The moment we take our thoughts and put them into words to be physically seen they are there forever. We hope and wish and intend on our diaries to be for our eyes only, but that’s just foolishness. This is the risk we take when we allow our “soul” to live in the words we write. Dominique Browning in “Burning the Diaries” knew it was time to let go of 40 years. She feared the “evil eye that would judge”, but mostly she didn’t want her boys to know “how profoundly” she had suffered throughout her life. I can’t judge this. I can’t say what she’s doing with her soul is wrong or right. My opinion is, life is incredibly difficult. When you write all the ups and downs as a coping mechanism, the thought of someone being able to read all of your deepest and darkest thoughts and feelings has to be scary as hell.
Because this is what she’s doing isn’t it? There is so much pain in Browning’s diaries when talking about burning them she doesn’t say let them all go. She says it was time to “let it all go.” She’s talking about her written past. Having those words kept her pain immortal. She held on to it for long enough and it was time for her to burn her way to the other side.

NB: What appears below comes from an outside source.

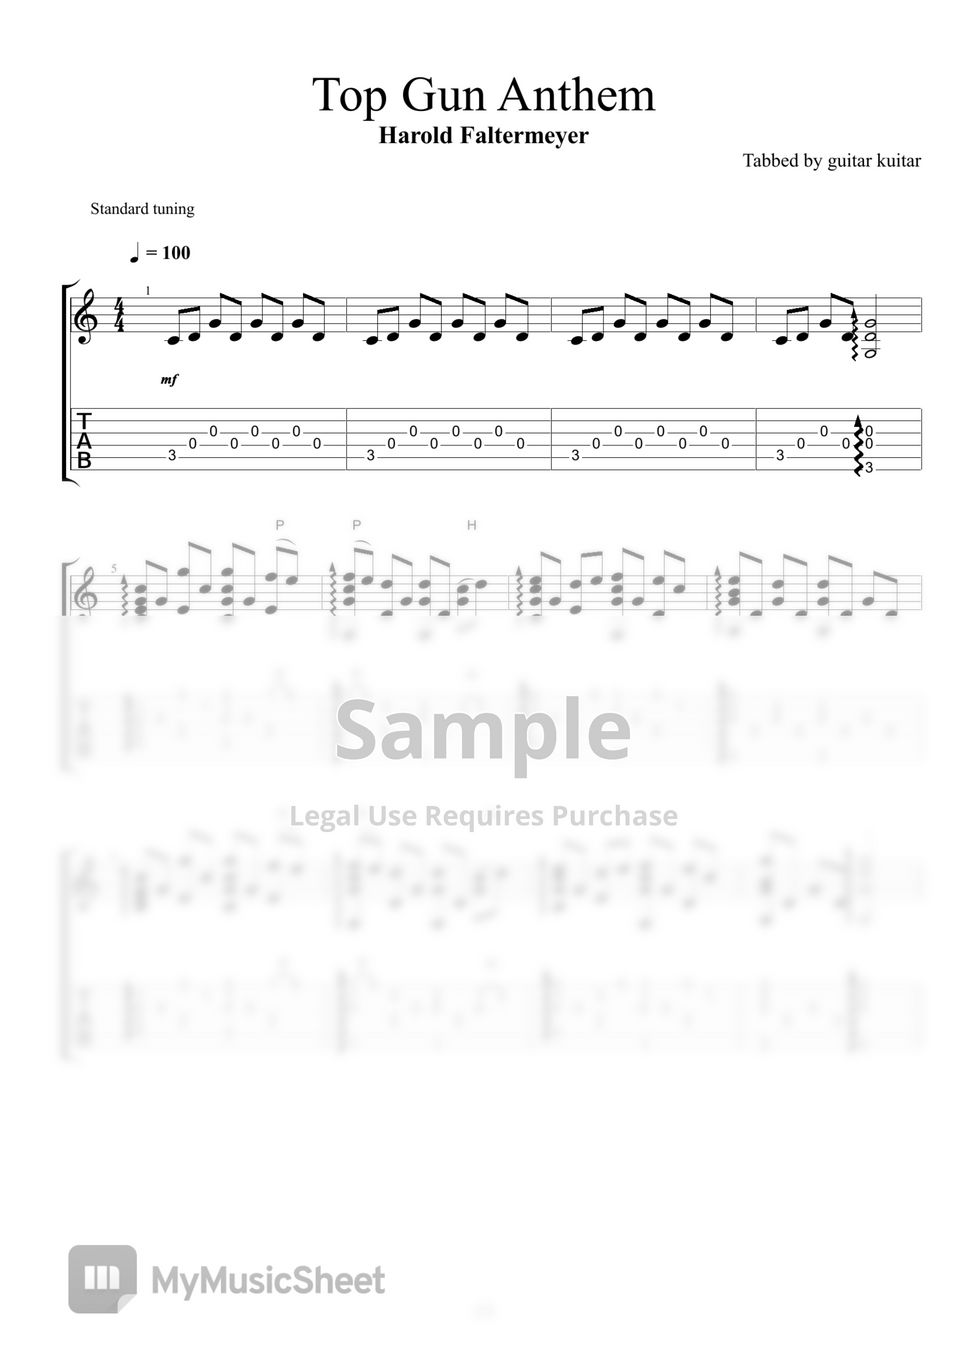 Top Gun Anthem - Easy Ukulele Fingerpicking Tab - FINGERSTYLE GUITAR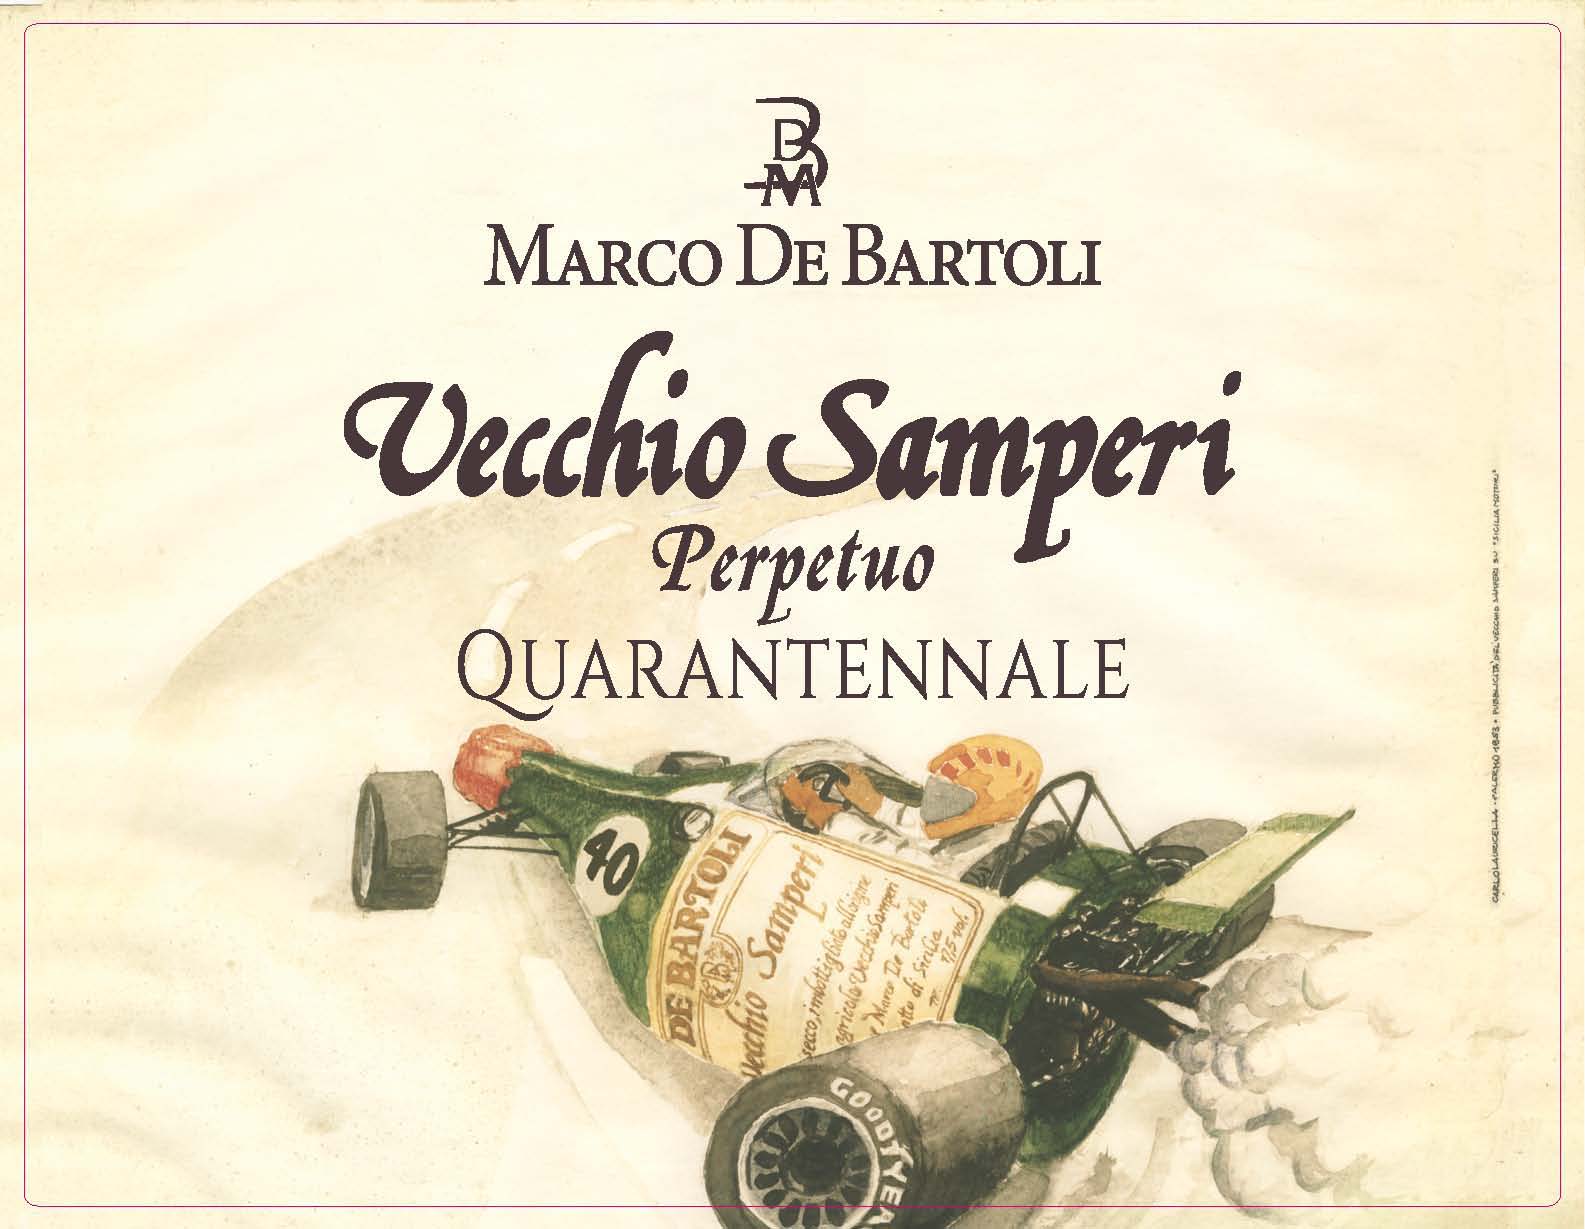 Vecchio Samperi Quarantennale Marco de Bartoli Vino Liquoroso

I get it, but for me my diary is only the recovery of my darkest days. Writing when I was at my lowest point felt exhausting therefore it just didn’t happen. I was empowered by how much one person can change or help another and they not even know it. So I wrote and wrote and wrote most of our conversations. Learning how to live life again and with so much self discovery is not something I would ever burn but I don’t need to. My immortal written words are the other side of that burned bridge. Anyone who reads it would be impacted by the depths two souls can connect.